Requirement.
Word for word, transcribe the data below from the line with "Simba Музыкальная игрушка-подвеска" to the line with "Selina Schimmank lächelt", keeping both of those lines.
[Records for processing — start]
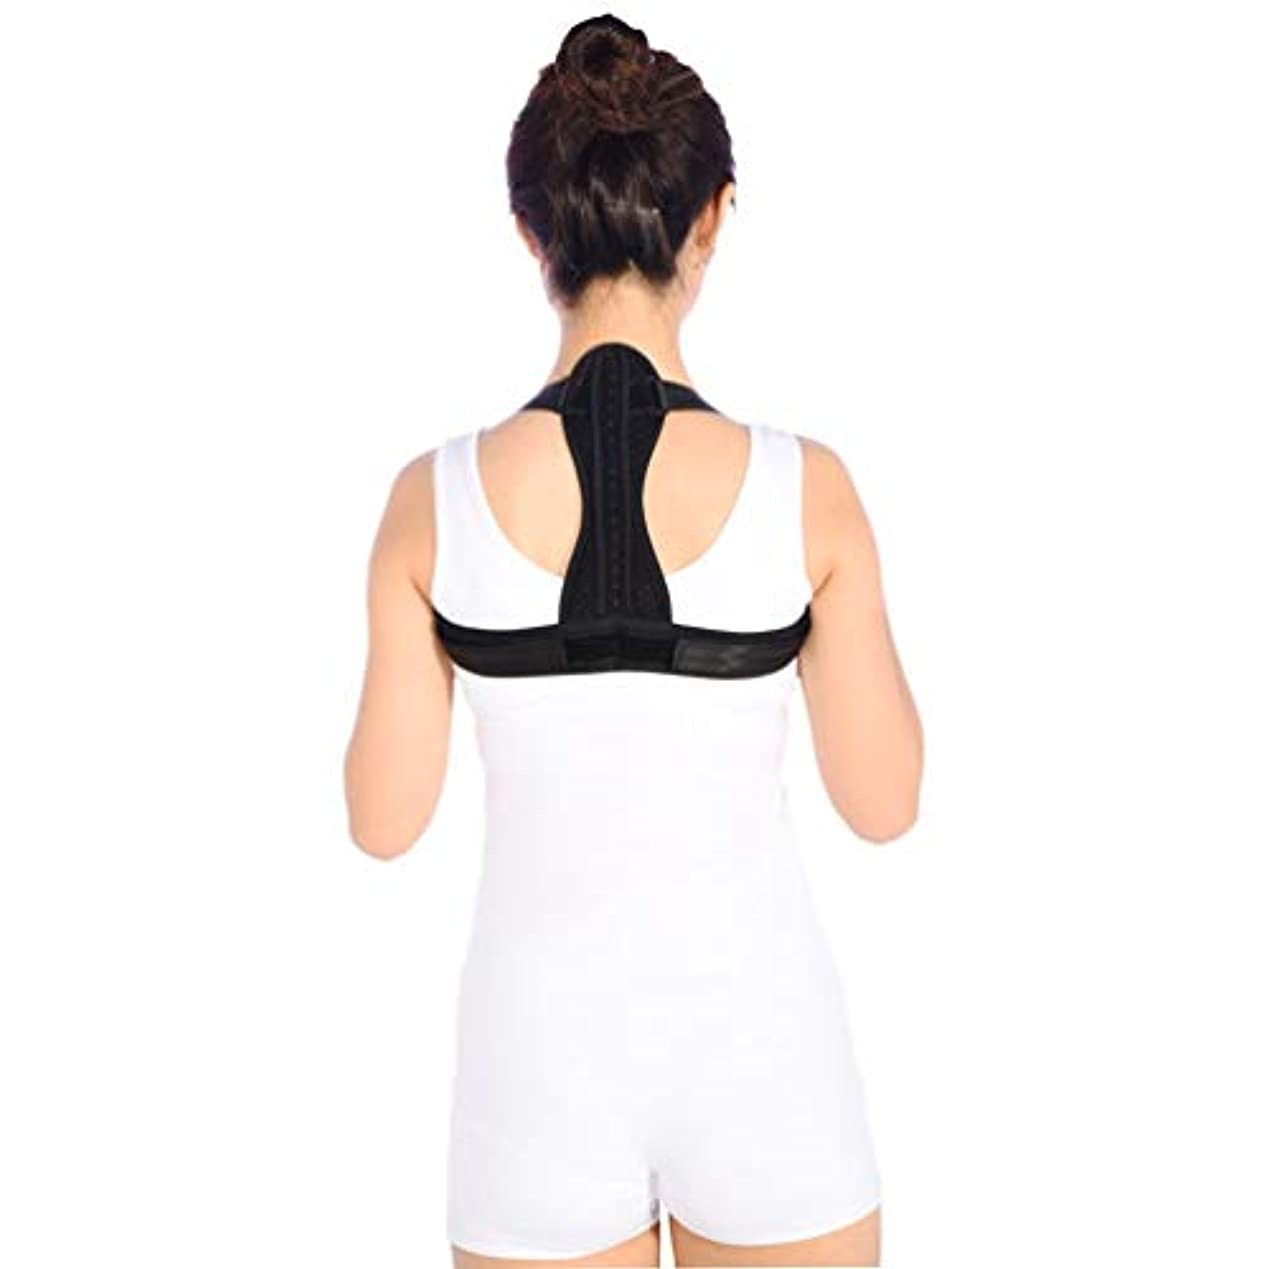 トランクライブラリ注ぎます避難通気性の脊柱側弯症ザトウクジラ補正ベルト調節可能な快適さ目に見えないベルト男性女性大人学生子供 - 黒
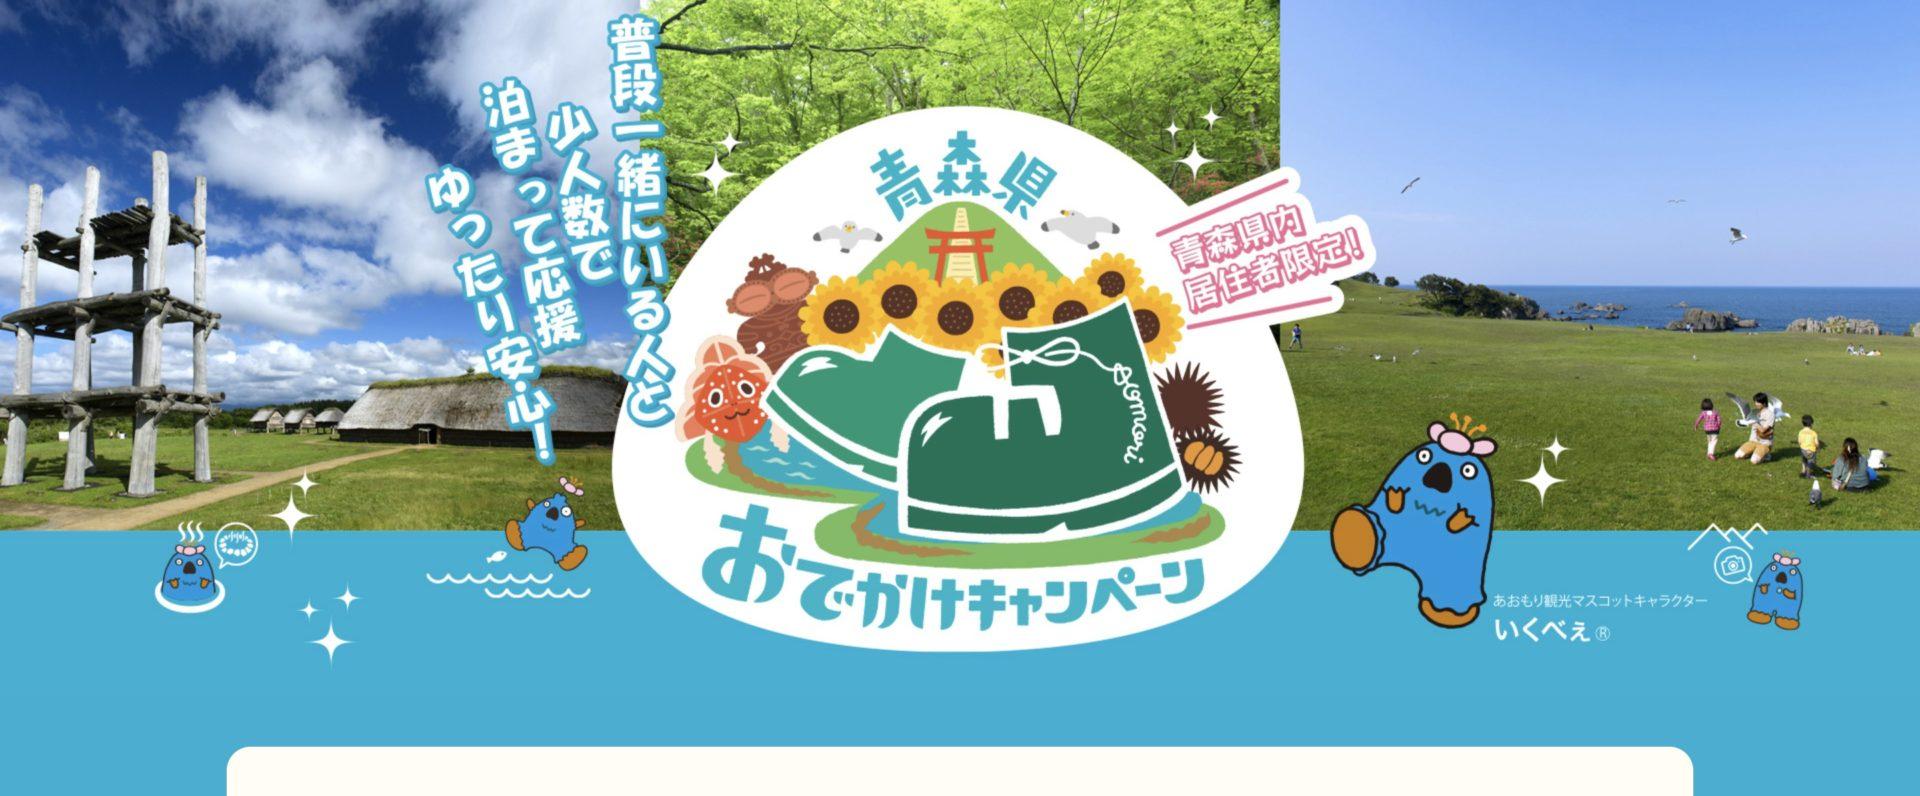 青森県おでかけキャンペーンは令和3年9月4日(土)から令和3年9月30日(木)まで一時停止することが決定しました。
[Records for processing — finish]
[Records for processing — start]
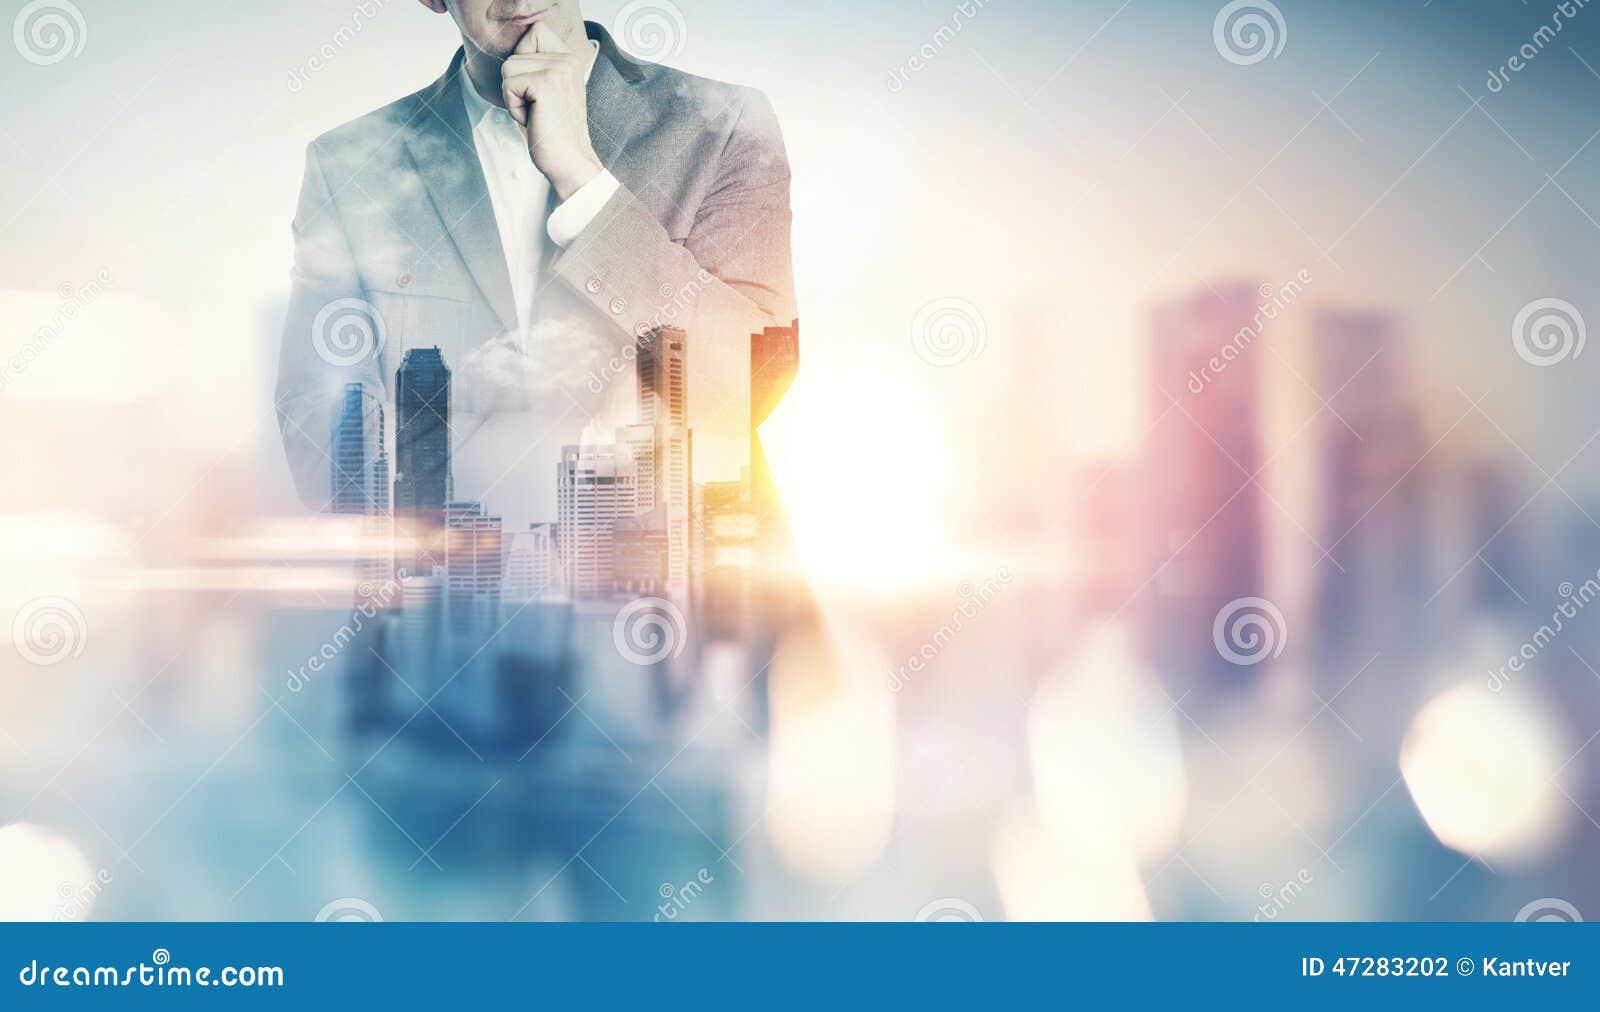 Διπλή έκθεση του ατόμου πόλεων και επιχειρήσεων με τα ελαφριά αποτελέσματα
[Records for processing — finish]
[Records for processing — start]
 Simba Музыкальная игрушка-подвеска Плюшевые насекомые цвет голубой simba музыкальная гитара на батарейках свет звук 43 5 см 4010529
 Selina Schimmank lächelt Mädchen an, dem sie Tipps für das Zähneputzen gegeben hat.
[Records for processing — finish]
Solution to this problem.
 Simba Музыкальная игрушка-подвеска Плюшевые насекомые цвет голубой simba музыкальная гитара на батарейках свет звук 43 5 см 4010529
 Selina Schimmank lächelt Mädchen an, dem sie Tipps für das Zähneputzen gegeben hat.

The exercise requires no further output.